Setting up a CUDA workstation with Docker
Overview
Everybody does Artificial Intelligence, Machine Learning and Deep Fake these days. The iem is no exception, so I was tasked to setup a CUDA workstation for our users.
Hardware
I didn't specify the hardware (that was done by a colleague of mine who actually wants to use the system) and only had a quick check, whether it would be supported on linux, so yesterday I got a largish parcel on my table containing a "MIFCOM High-End Workstation" equipped with:
- Intel Xeon W-2255
- 128GB RAM
- NVIDIA GeForce RTX 3080
- ...
Nice.
The case is huge, and not even 19"-compatible. (It reminds me on my first big tower in the mid 90s. Computers have shrunk since then...) Let's hope we will find some place for the machine.
It also features a 2kW PSU to power an energy sucking graphics card. And Machine Learning gets better the longer you keep it running...

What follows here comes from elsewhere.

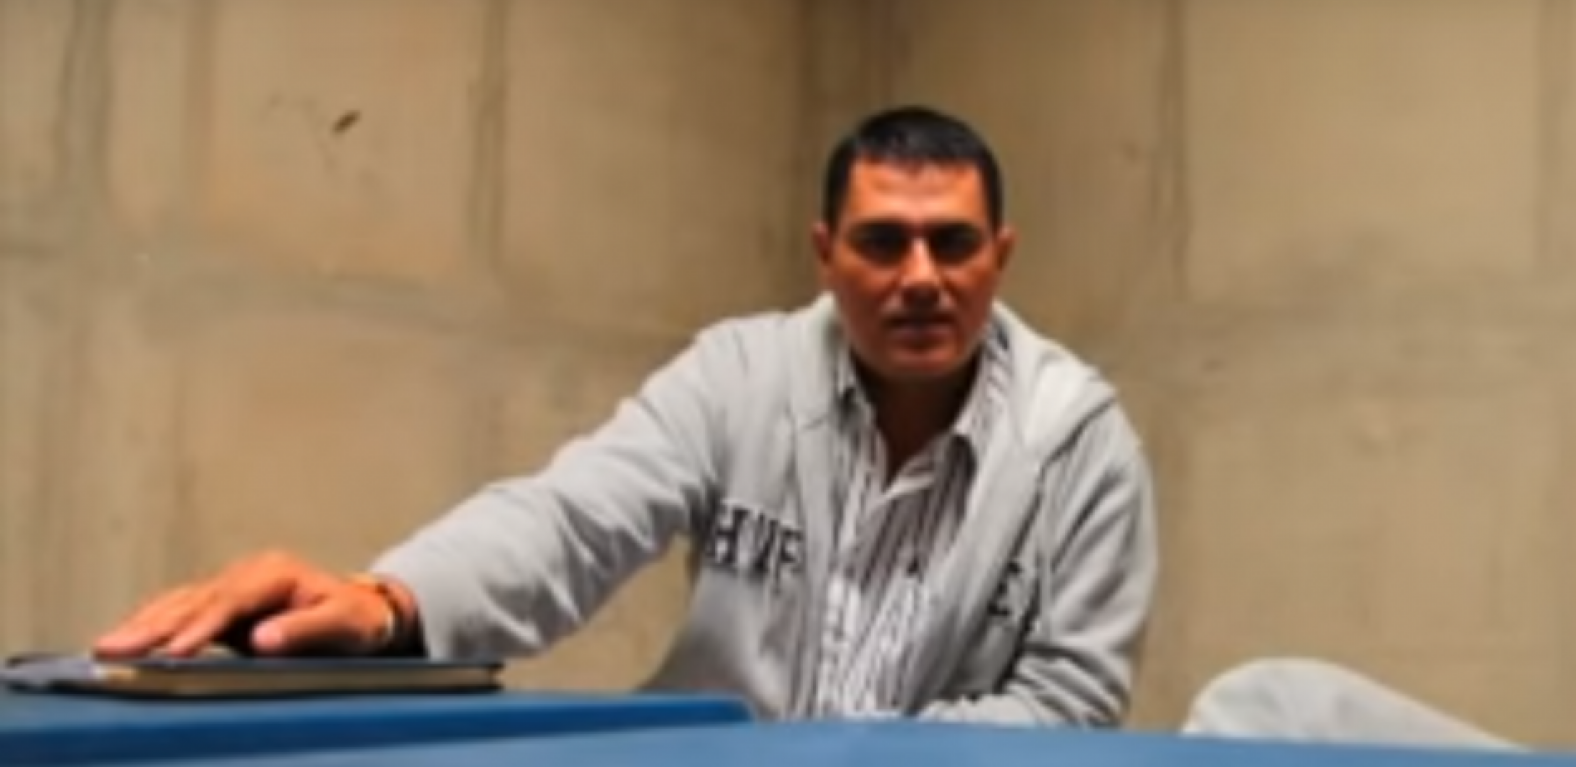 El ajedrez penitenciario de Juan Guillermo Monsalve, el testigo clave  contra el senador Álvaro Uribe | Agenciapi.co
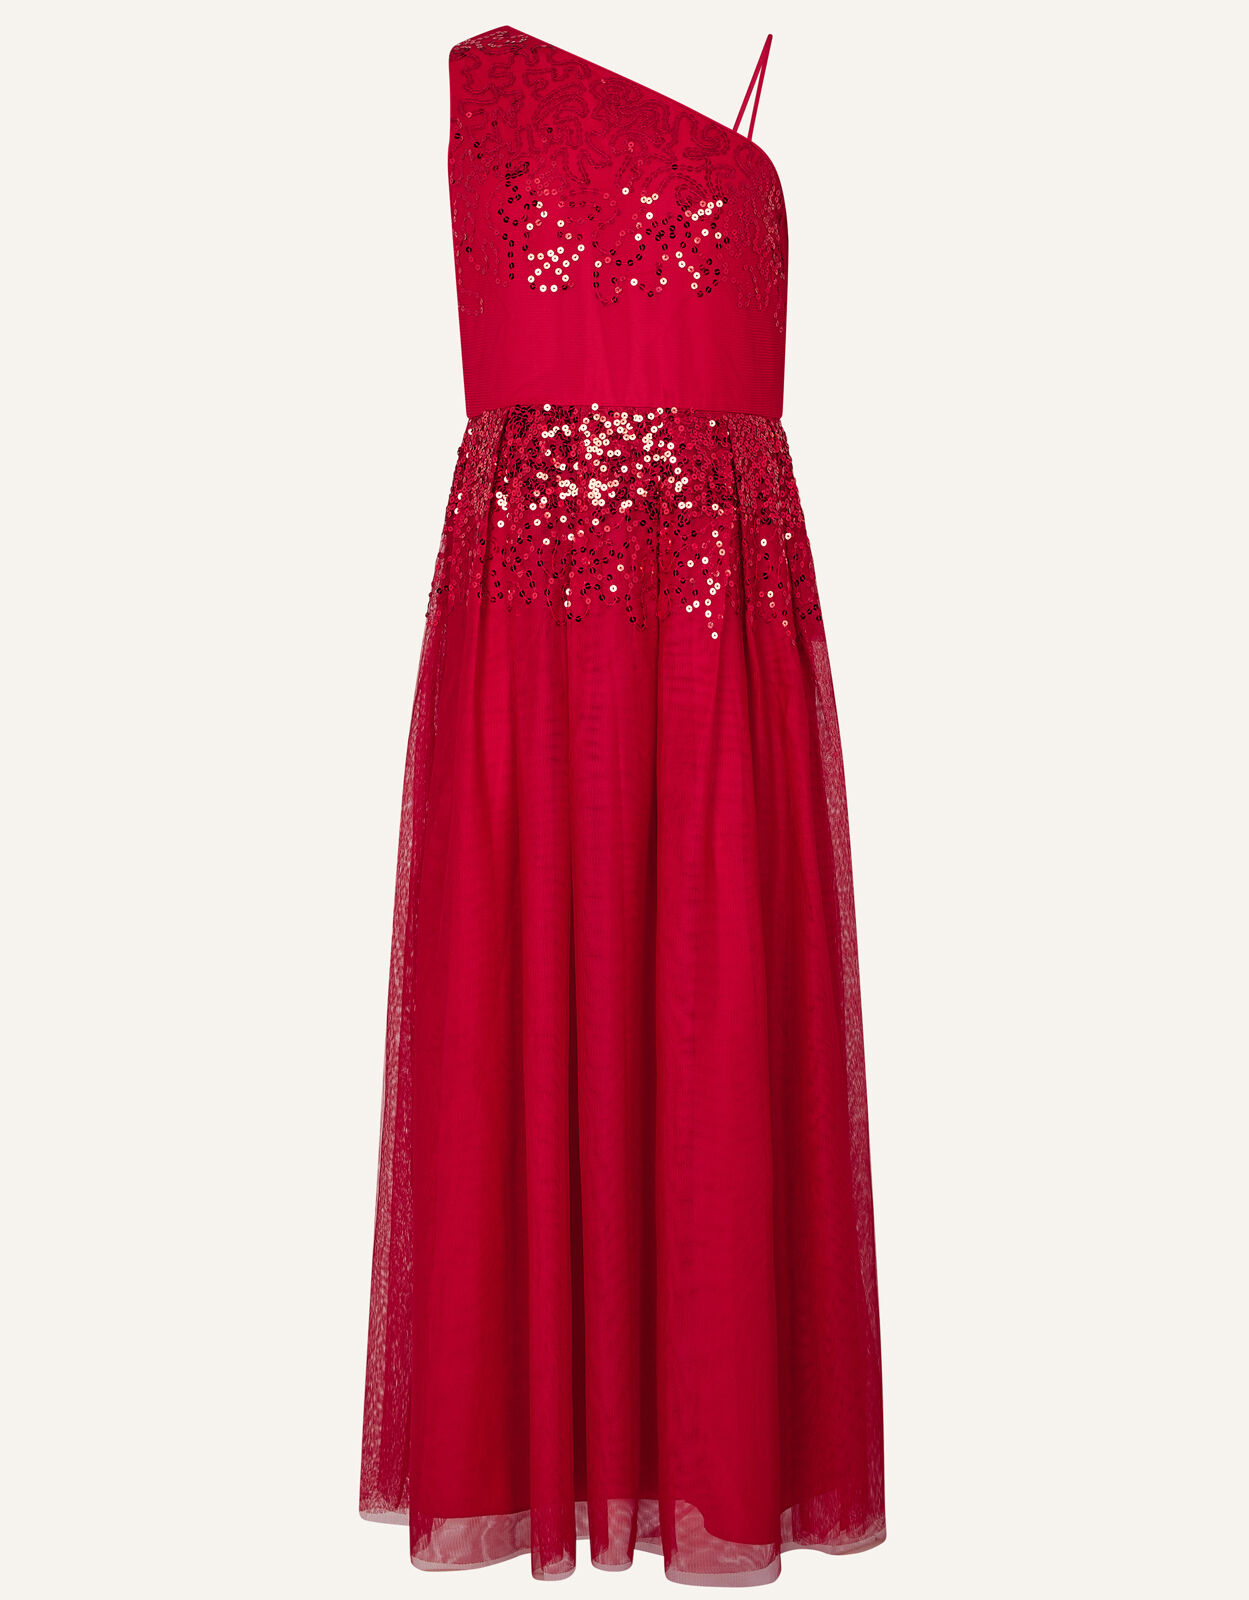 Elish One-Shoulder Prom Dress Red ...

So, from an environmental perspective...Not entirely nice. 😟
Base System: Debian
There's really not much to say here. A standard installation of Debian 11 "bullseye" with my trusted USB stick gets the system up and running.
Standard tweaks
All apt sources in /etc/apt/sources.list.d/
apt-repositories can be listed in both the file /etc/apt/sources.list
or in any files with a .list extension in the /etc/apt/sources.list.d/ directory.
I very much prefer only a single scheme on my machines, so I move the standard repository configuration:
1mv /etc/apt/sources.list /etc/apt/sources.list.d/debian.list
etckeeper
The most important part of a server-setup is /etc.
All the data resides on some fileserver (and is being properly backed up),
and the software itself is installed via apt (so can easily be reinstalled).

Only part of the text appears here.